Required action:
Your answer is the lines below, exactly, from the one that contains "Who Wore the" through the one that contains "Explorer - Personal", both included.

Provided records:
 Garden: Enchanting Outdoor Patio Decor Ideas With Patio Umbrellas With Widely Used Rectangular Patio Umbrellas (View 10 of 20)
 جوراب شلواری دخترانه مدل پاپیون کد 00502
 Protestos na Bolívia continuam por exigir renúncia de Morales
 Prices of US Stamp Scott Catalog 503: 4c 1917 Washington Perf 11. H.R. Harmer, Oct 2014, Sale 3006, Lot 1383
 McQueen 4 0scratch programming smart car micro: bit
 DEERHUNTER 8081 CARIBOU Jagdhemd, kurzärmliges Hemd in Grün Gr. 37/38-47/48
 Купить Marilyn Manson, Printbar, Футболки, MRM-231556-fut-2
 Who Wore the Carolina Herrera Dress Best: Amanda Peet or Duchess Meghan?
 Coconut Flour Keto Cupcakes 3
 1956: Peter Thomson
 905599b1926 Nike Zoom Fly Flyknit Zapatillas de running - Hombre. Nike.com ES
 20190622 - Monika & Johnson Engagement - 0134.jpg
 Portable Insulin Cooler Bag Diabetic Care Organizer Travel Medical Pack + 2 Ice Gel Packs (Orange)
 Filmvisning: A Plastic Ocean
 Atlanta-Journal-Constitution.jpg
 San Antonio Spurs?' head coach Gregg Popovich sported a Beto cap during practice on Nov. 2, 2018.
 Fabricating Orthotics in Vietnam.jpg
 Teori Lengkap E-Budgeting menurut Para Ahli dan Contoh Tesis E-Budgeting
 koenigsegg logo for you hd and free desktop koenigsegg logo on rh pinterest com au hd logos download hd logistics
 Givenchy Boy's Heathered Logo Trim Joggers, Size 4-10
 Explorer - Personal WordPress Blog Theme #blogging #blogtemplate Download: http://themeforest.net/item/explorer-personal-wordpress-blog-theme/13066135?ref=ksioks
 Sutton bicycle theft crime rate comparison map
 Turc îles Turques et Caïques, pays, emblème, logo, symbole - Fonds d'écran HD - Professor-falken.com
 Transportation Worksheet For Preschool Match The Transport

Answer section:
 Who Wore the Carolina Herrera Dress Best: Amanda Peet or Duchess Meghan?
 Coconut Flour Keto Cupcakes 3
 1956: Peter Thomson
 905599b1926 Nike Zoom Fly Flyknit Zapatillas de running - Hombre. Nike.com ES
 20190622 - Monika & Johnson Engagement - 0134.jpg
 Portable Insulin Cooler Bag Diabetic Care Organizer Travel Medical Pack + 2 Ice Gel Packs (Orange)
 Filmvisning: A Plastic Ocean
 Atlanta-Journal-Constitution.jpg
 San Antonio Spurs?' head coach Gregg Popovich sported a Beto cap during practice on Nov. 2, 2018.
 Fabricating Orthotics in Vietnam.jpg
 Teori Lengkap E-Budgeting menurut Para Ahli dan Contoh Tesis E-Budgeting
 koenigsegg logo for you hd and free desktop koenigsegg logo on rh pinterest com au hd logos download hd logistics
 Givenchy Boy's Heathered Logo Trim Joggers, Size 4-10
 Explorer - Personal WordPress Blog Theme #blogging #blogtemplate Download: http://themeforest.net/item/explorer-personal-wordpress-blog-theme/13066135?ref=ksioks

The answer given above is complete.